In general the article is well-written, clear and to the point. But this part could use more clarification: “The TruSeq protocol had a noticeably higher mean correlation coefficient than any of the other protocols” Some additional description of how the correlation coefficient was computed would be helpful here. It was not immediately clear to me whether this correlation coefficient was computed between technical replicates of the same experiment (i.e. correlation of the linear regression over all spike in concentrations) or between different experiments (i.e. correlation of the gene expressions over all genes between experiments using different spike-in concentrations). In addition, how was the mean correlation coefficient obtained? Was it by computing the coefficient over all pair-wise combinations, then taking the average? Or was it the mean over some randomly chose pairs?

The graphics and figures, however, need substantial work. First, the labels on the graphs in Figure 1 are not very descriptive or clear. Figure 1A axis label “normalized expression” needs to be more specific, either giving units, or have a description in the figure caption describing what this is, even though it is in the text it would make it easier for readers taking a quick look at the article to understand what is being plotted. Second, for the same figure, axis label “ng D. virilis” is too casual; something like “Concentration of D. virilis RNA (ng)” would be more appropriate. In addition, it would also be visually much more informative if the graph proportions were adjusted: since the objective of the normalization was to make the slope 1, a square graph would illustrate this point much more easily. Figures 1B-E have no y-axis labels, and the x-axes as well as axes numerals are not readable at all.
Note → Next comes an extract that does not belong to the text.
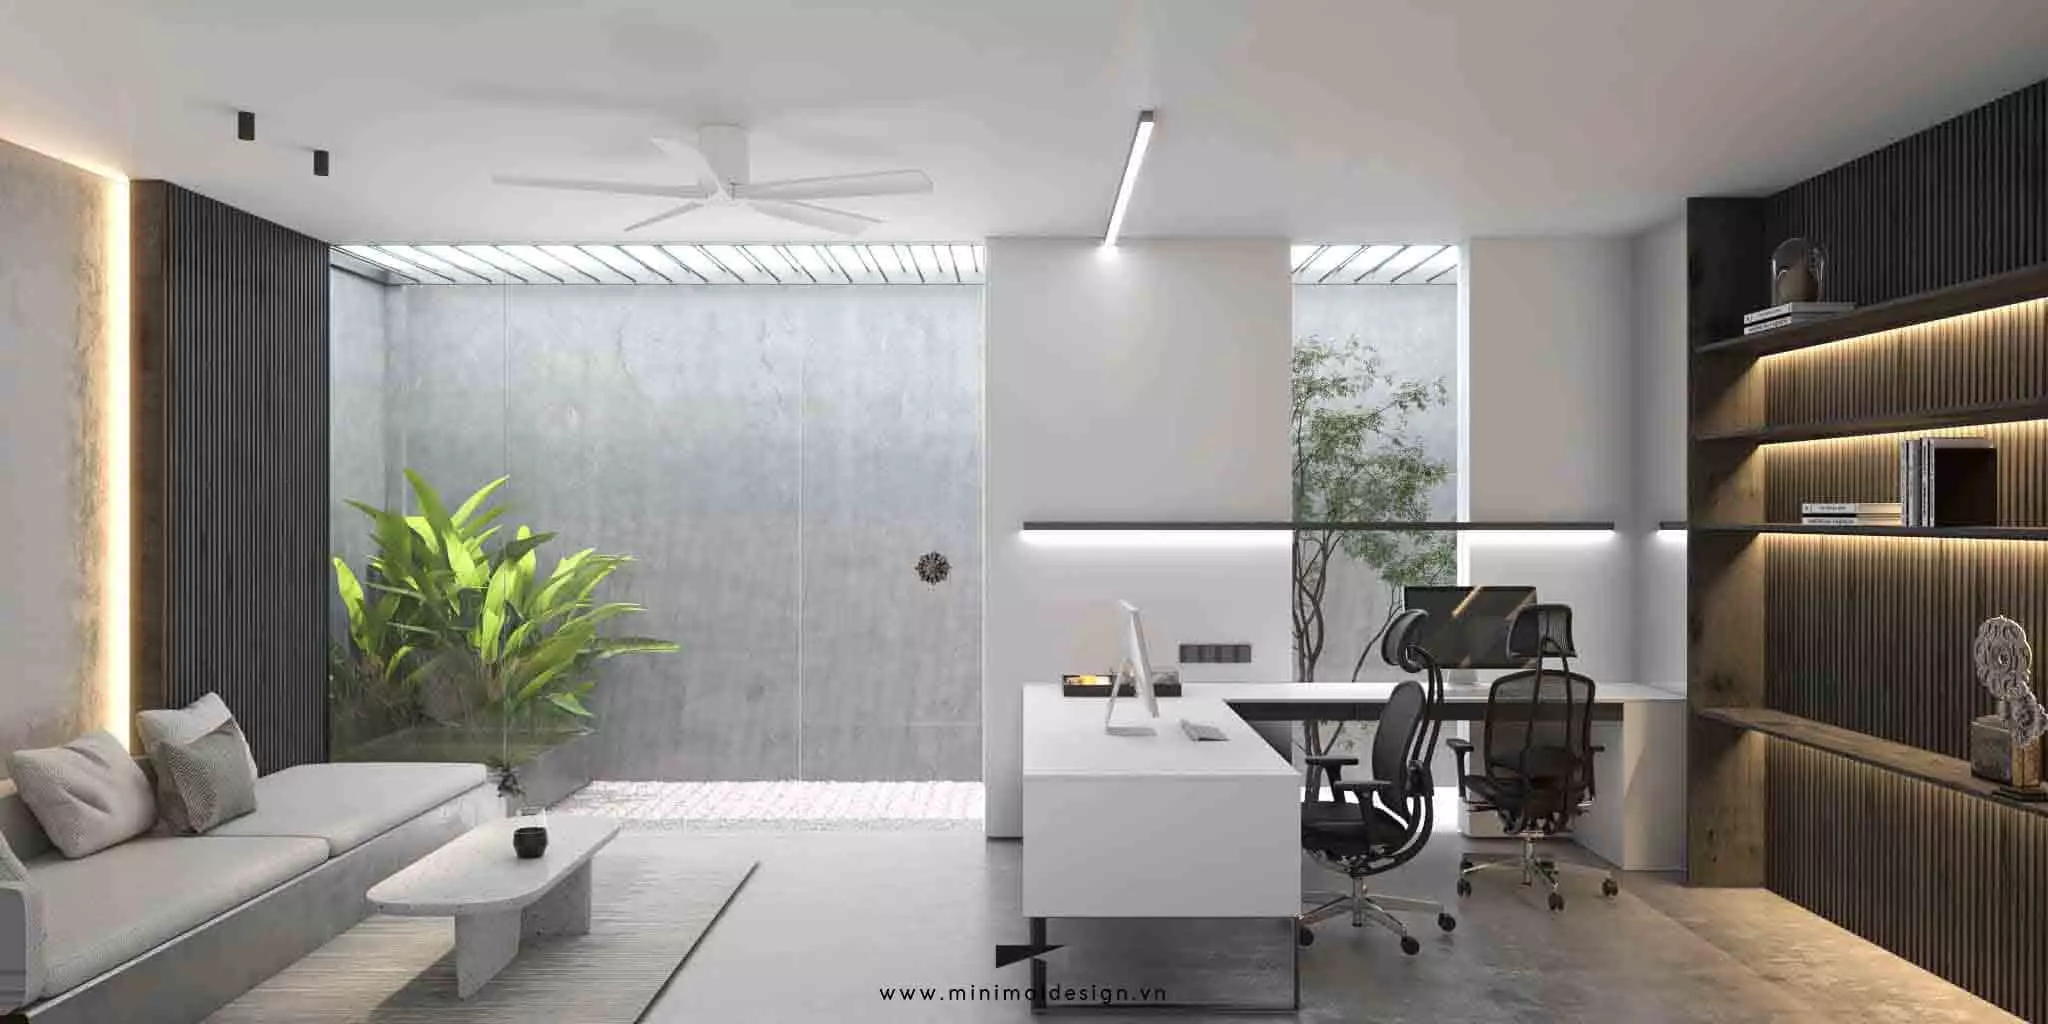 Phong cách thiết kế nội thất tối giản không còn xa lạ trong các loại hình từ nhà phố, căn hộ, biệt thự đến mô hình kinh doanh văn phòng

Overall the resolution of the figures is also somewhat low, but I think this will probably be adjusted before publication. Similar complaints about text size and missing axes labels apply for Figure 2. Figure 3 also needs descriptive axes labels, not just “Slope 1”, “Slope 2”. In this figure, the plot area should be expanded so that the legend is not obscuring some of the data points at the top right. Finally, the figure referencing in the text is incorrect. (What is Figure 2.2?). All in all, the figures and their captions should be modified such that they are largely understandable on their own, without having to read extensively into the text.

Experimental design

The experimental design is appropriate, however, it would be helpful for the authors to provide more primary data such as that shown in Figure 1A, but for the other methods they tested as well, perhaps as part of supplemental data.

Validity of the findings

In Figure 1, the authors comment: “The mean correlation coefficient was statistically and practically indistinguishable between the Clontech samples and the SMART-seq2 samples (t-test p = .11, Figure 2.2).” and in Figure 1 show the “Distributions of slopes, intercepts, and correlation coefficient for linear regressions of the abundance of each gene”. I noticed that in these figures, although the mean of each is very similar, as the authors pointed out, the distributions of each method do display differences. For example, Clontech and TotalScript methods show a tail skew for the slopes and intercepts distributions, whereas the distribution of these same metrics for TruSeq shows symmetry. Can the authors comment on this difference, or provide additional data and or speculation as to why this might be or the origin of this difference?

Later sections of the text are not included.